And it will also have a huge impact on the e-book pricing antitrust litigation.

Before diving into why Kirtsaeng matters to Wormyfruit,1 though, here are a few updates on what appears to be going on there, all since I composed my initial announcement on filing of the lawsuit.

  • Three of the publisher-defendants have agreed to settle the charges. That leaves Apple, Penguin, and Macmillan as defendants; Penguin and Macmillan (both, I might note, foreign-owned conglomerates who, unlike two of the three settling publishers, are not subject to SEC disclosure rules2) have done most of the "millions for defense and not a dime for the authors tribute" speechifying, and Apple has just proclaimed that it didn't do nuthin' wrong, and you can't prove it anyway.
  • The proposed settlement itself will be open for comment for 60 days, and then — at least formally, after consideration of the comments — be presented to the court for approval. In the meantime, Litigation Will Happen.
  • Several states have filed a largely parallel action against some, but not all, of the defendants in Wormyfruit. This complaint is, to put it charitably, a seat-at-the-table device, so that the various state attorneys general can advance their careers by legitimately claiming to have been involved in this pro-consumer action. (No, I'm not at all cynical, in an election year, about elected chiefs of law enforcement. Why do you ask?)
  • The Authors' Guild's president has demonstrated that he doesn't get it, commenting (essentially) that this will only help the Big Brazilian River monopolize e-book sales to consumers. Presuming, that is, that copies of e-books are sold and not merely "licensed" like software (purportedly) is... and even asking that question exposes Mr Turow's position as unfounded in fact or in law. It also exposes a problem that many attorneys on the defense side — like Mr Turow — have with conceptualizing a piecemeal legal assault on a complex system; that, however, is a discussion for another time. Suffice it to say that nothing in this action forecloses any action against the Big Brazilian River, particularly if the Big Brazilian River attempts/continues to abuse its monopoly/monopsony power.

    Bluntly, Turow's screed is an excellent example of attacking a proposed measure as being entirely worthless because it doesn't solve the entire problem in one swell foop, for some definition of "entire," "problem", and "swell foop". As a litigator himself, Mr Turow bloody well understands that no US court has the jurisdiction or authority to do so... and, for that matter, neither does any other part of the US government. And that's leaving aside the problem of "will to act." In short, the perfect (again, for some value of "perfect") is the enemy of the good-but-acknowledgely-incomplete.

It's time to turn to the potential effect of Kirtsaeng on Wormyfruit.
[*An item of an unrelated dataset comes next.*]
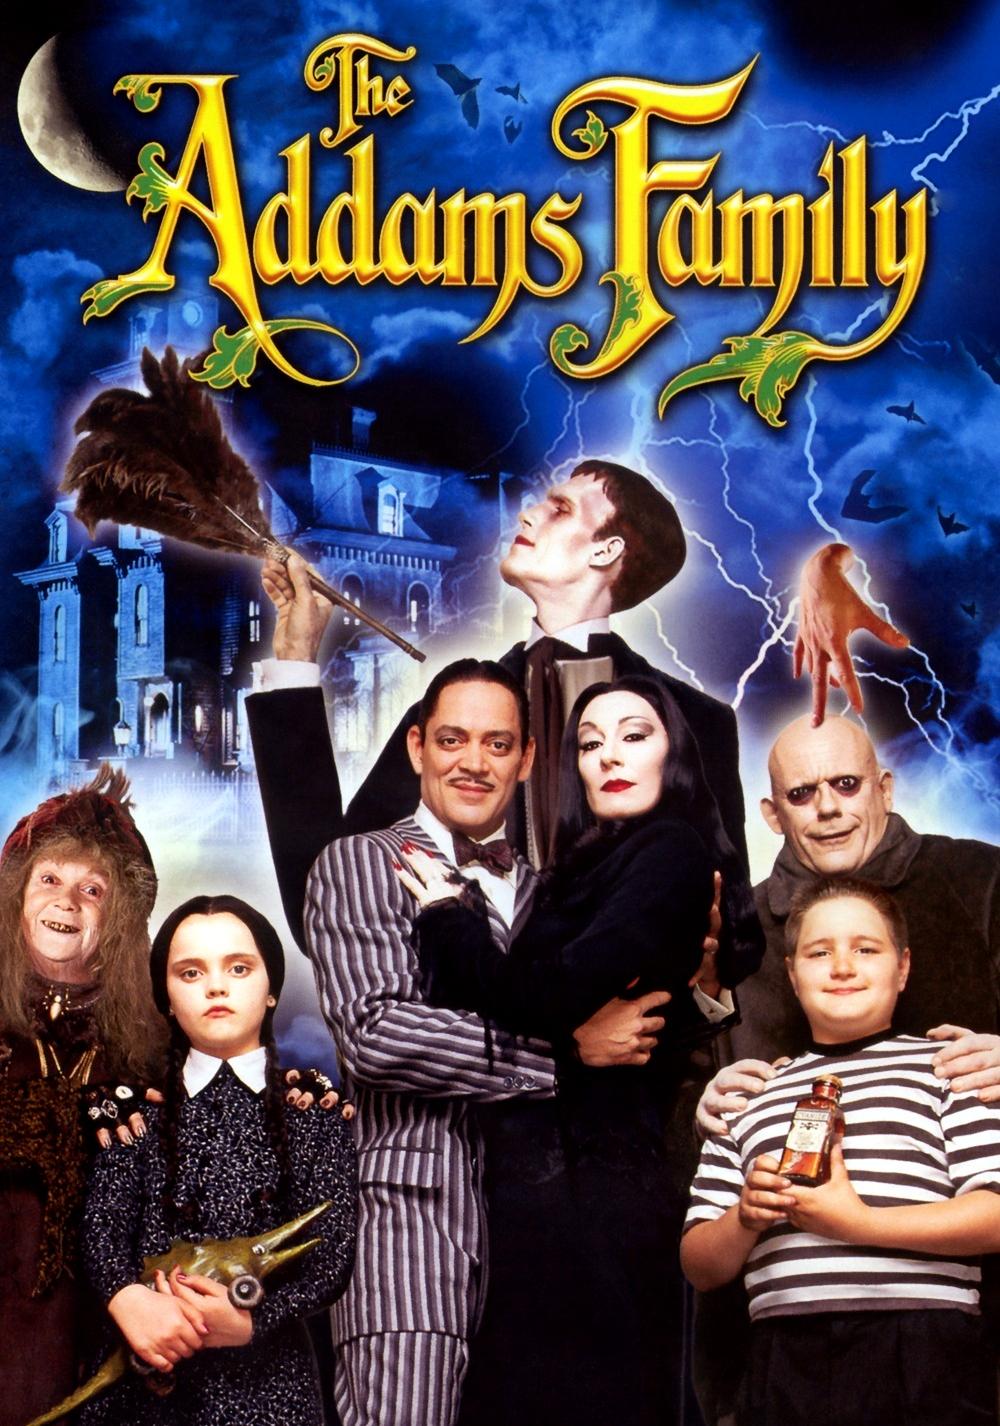 Addams Family Film

First, and perhaps most obvious, if Kirtsaeng is decided in favor of the publisher — that is, the Court holds that the "not for sale in the US" label on works authorized by a US copyright holder, but (perhaps) printed outside the US, governs potential US sales of those copies — that will affect the solidity of the market definitions in Wormyfruit. This can get very complicated very quickly, and will be nuanced based on exactly what the Supreme Court says in Kirtsaeng — and, in particular, how much attention gets paid to treaty obligations that are of superior constitutional weight to the exact language of §§ 109(a) and 602(a) of the Copyright Act. There are lots of possibilities here; the key point is that any decision in favor of the publisher in Kirtsaeng will have implications for what constitutes "trade publishing" in the US, even though Kirtsaeng itself arises from textbook publishing.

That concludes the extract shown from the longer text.